When using the sparse direct solver, check the jobname.BCS file for details on the benefit of using GPUs.  For example, run an analysis with 2 cores, then run the same analysis with 2 cores + GPU.  You will see that most of the lines indicating solution time will be very similar between the two cases except for the time (cpu & wall) for numeric factor entry.  This gives information on the actual matrix factorization time, and this is where the use of GPUs will come into play.

When using 4 cores with GPU Accelerator compared with 2 cores with GPU Accelerator, one may notice that the factorization time may not change significantly since, in both cases, the same GPU is being used.  However, when using 4 cores, other aspects of the solution (e.g., matrix formulation and assembly, stress recovery, etc.) are using more cores, so 4 cores with GPU Accelerator should still be faster than 2 cores with GPU Accelerator for medium- or large-sized models.  (This reason also explains why the performance increase with GPU Accelerator for 1 CPU core can be at least 3-4x faster since, instead of 1 CPU core, the factorization is done on the tens or hundreds of GPU cores.)
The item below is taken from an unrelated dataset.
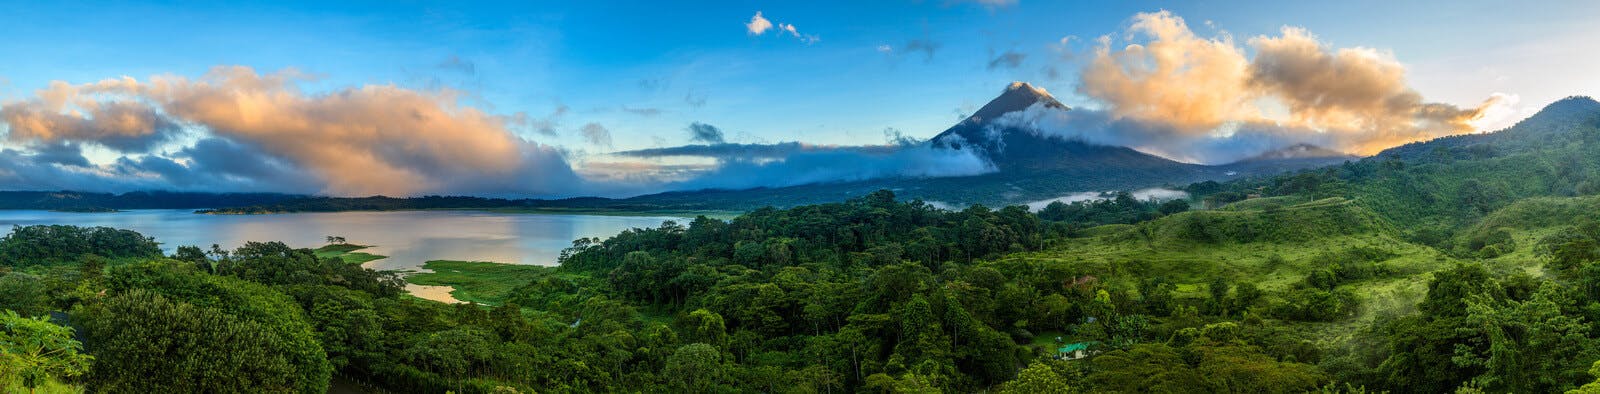 Panorama of Costa Rica Arenal volcano

For small-sized problems, use of GPU Accelerator may not show performance benefit but may even show some slight performance loss.  The processing power of an individual GPU core is usually much lower than the CPU core; however, the GPU has many more cores than the CPU does.  Hence, for small-sized models, using GPUs may not be any faster than the CPU or may be slower (also recall that the data has to be packaged and sent to the GPU, too).  However, for large models, being able to distribute the solution to tens or hundreds of GPU cores allows the solution to speed up considerably.  Hence, if doing benchmarks, consider the number of degrees of freedom (DOF) for the model being solved.  If the number of DOF is < 250k, that may be too small of a problem to see the benefit of GPU Accelerator.